И нахмурился. Отвернулся.
– Хорошо, – сказала Варя, – я поеду.
17
Саша надел лямку и удивился, как легко идет против течения большая нагруженная лодка. Бечевой, перекинутой через лучок – высокую палку на носу, лодка оттягивалась в оддор, шла параллельно берегу легко, без мыри – так Нил Лаврентьевич, почтарь, называл рябь.
Реку переходили в гребях. Саша и Борис садились на нашесть, надевали гребовые весла на уключины и гребли изо всех сил, течение здесь сильное. Но даже в самой борозде виднелась цветная галька на дне, так чиста и прозрачна была вода. Только цвет ее менялся в зависимости от погоды, становился то серо-стальным, то густо-синим, то голубовато-зеленым.
– Побежим хлестко, – балагурил Нил Лаврентьевич, – ребята молодые… Свежие…
Нил Лаврентьевич, хлопотливый мужичишка с мелкими чертами подвижного лица, добывал золото на Лене, партизанил против Колчака, теперь колхозник. О партизанстве рассказывал туманно, врал, наверно, с чужих слов, о золотнишестве говорил правду. Был обычай у ангарцев – в парнях уходить на прииски. Вернулся с золотым кольцом на пальце, значит, добывал золото, теперь женись! Так и Нил Лаврентьевич: побывал на приисках, вернулся, женился, имел хозяйство – шесть коров. По здешним местам и десять коров – не кулак, тем более батраков не наймовал, не держал сепаратора, с тунгусами не торговал. Уходил осенью в лес, добывал за зиму шестьсот – семьсот шкурок, белковал ладно. Теперь белка отступила на север, и соболь ее поистребил, и колхоз требует работы. Раньше литовкой помахаешь на сенокосе, вся прочая домашность была на женщине. Теперь не отличишь, мужик и баба одно – колхозники.

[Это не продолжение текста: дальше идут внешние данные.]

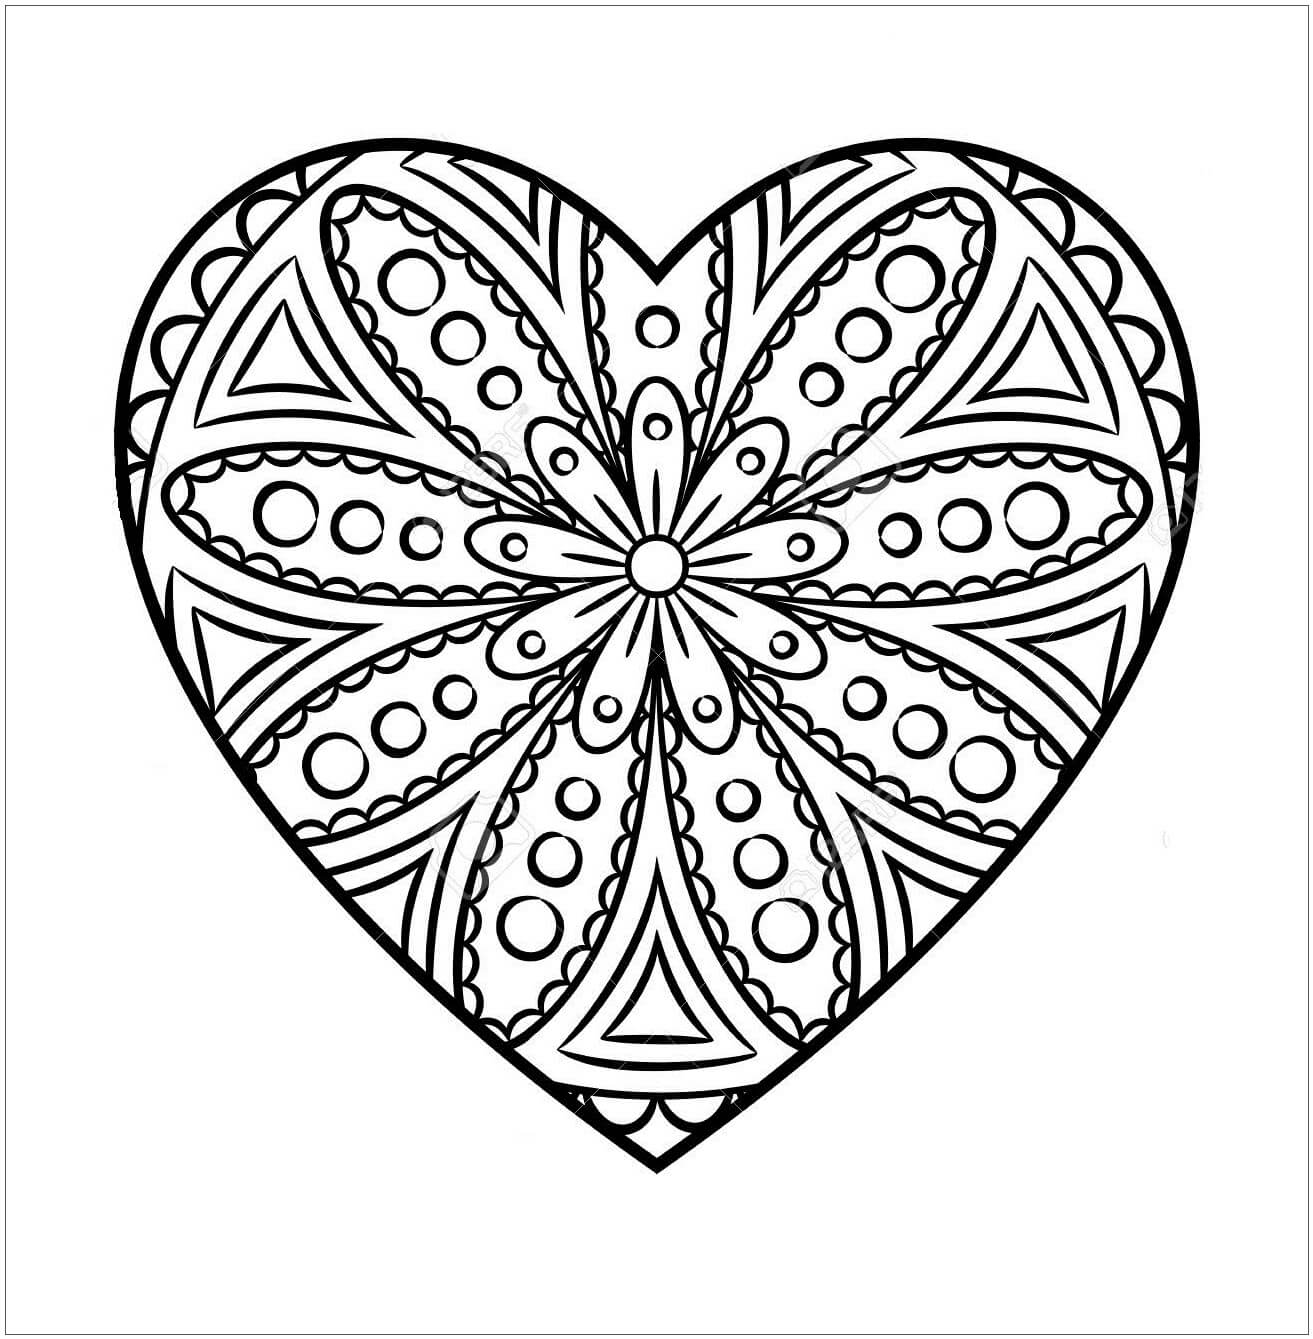 Incroyable Mandala Coeur coloring page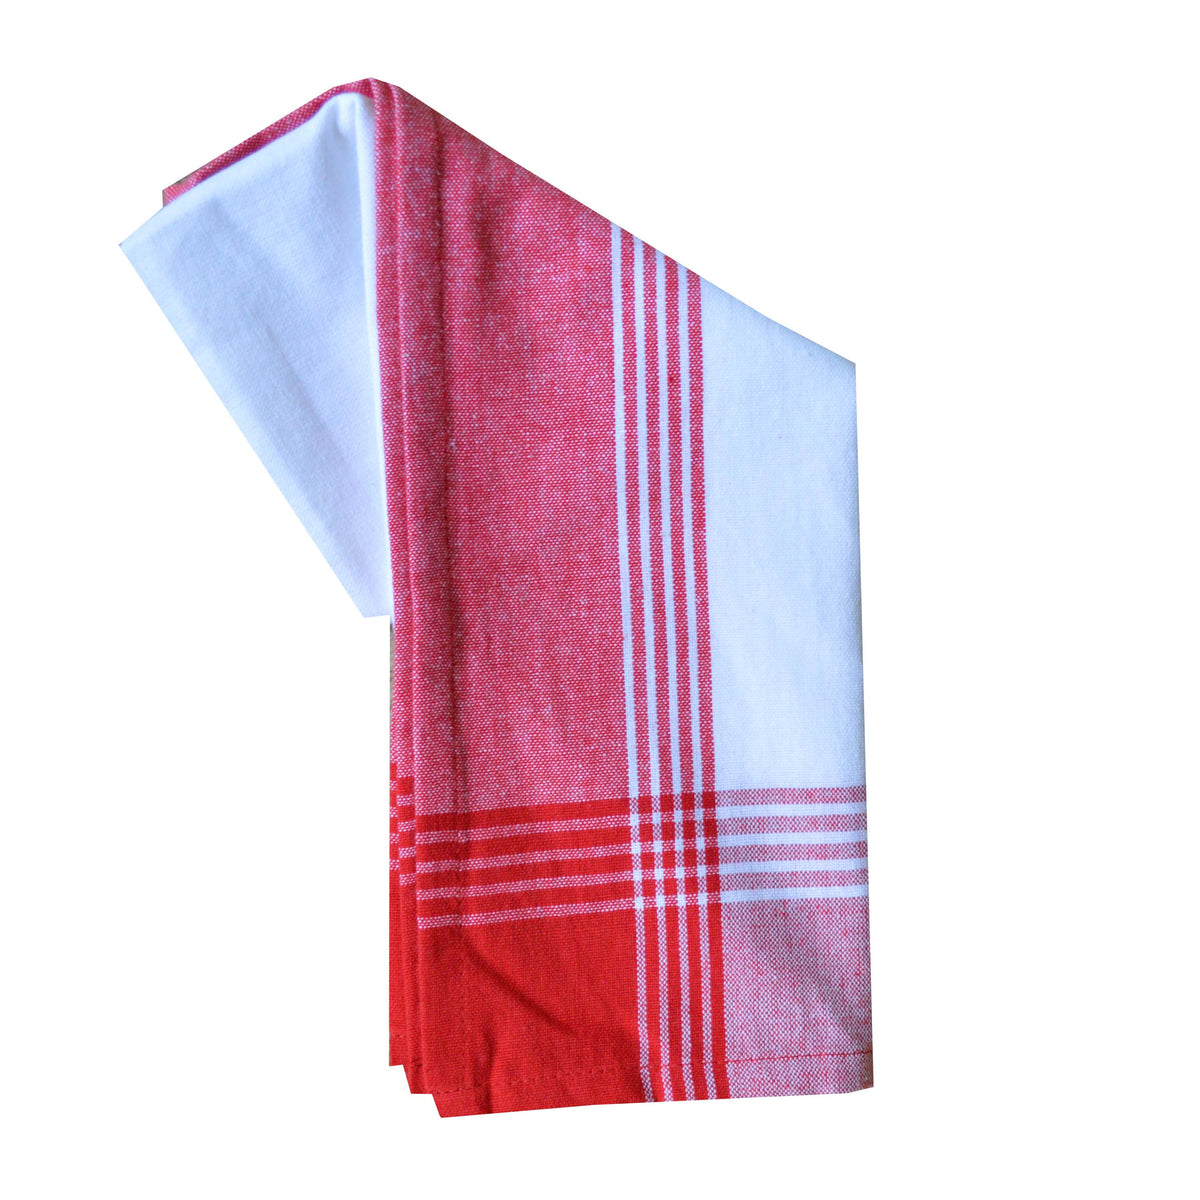 Variety Towel Set - Bright Red Set of 4

Так, слушая разглагольствования Нила Лаврентьевича, шли они берегом, вдоль нависших скал, по каменным осыпям или вброд – там, где скалы подступали к самой воде. Днем солнце стояло высоко над головой, жарило, к вечеру уходило за лес, и тогда берег пересекали лиловые таежные просветы.
Покажется иногда одинокая рыбачья лодка, мелькнет у берега деревянный поплавок – здесь самолов или морда, проплывет вдали дощаник со стоящей на нем лошадью, и опять ни человека, ни зверя, ни птицы. Шумели шивера, как шумит тайга при сильном ветре, вода мчалась через валуны и каменные глыбы, кипела в водоворотах, играла брызгами на солнце. В шивере бечеву тянули все, а Нил Лаврентьевич, стоя в лодке, правил кормовым веслом. И жена его, болезненная молчаливая женщина, закутанная в большой платок, тоже шла в лямке.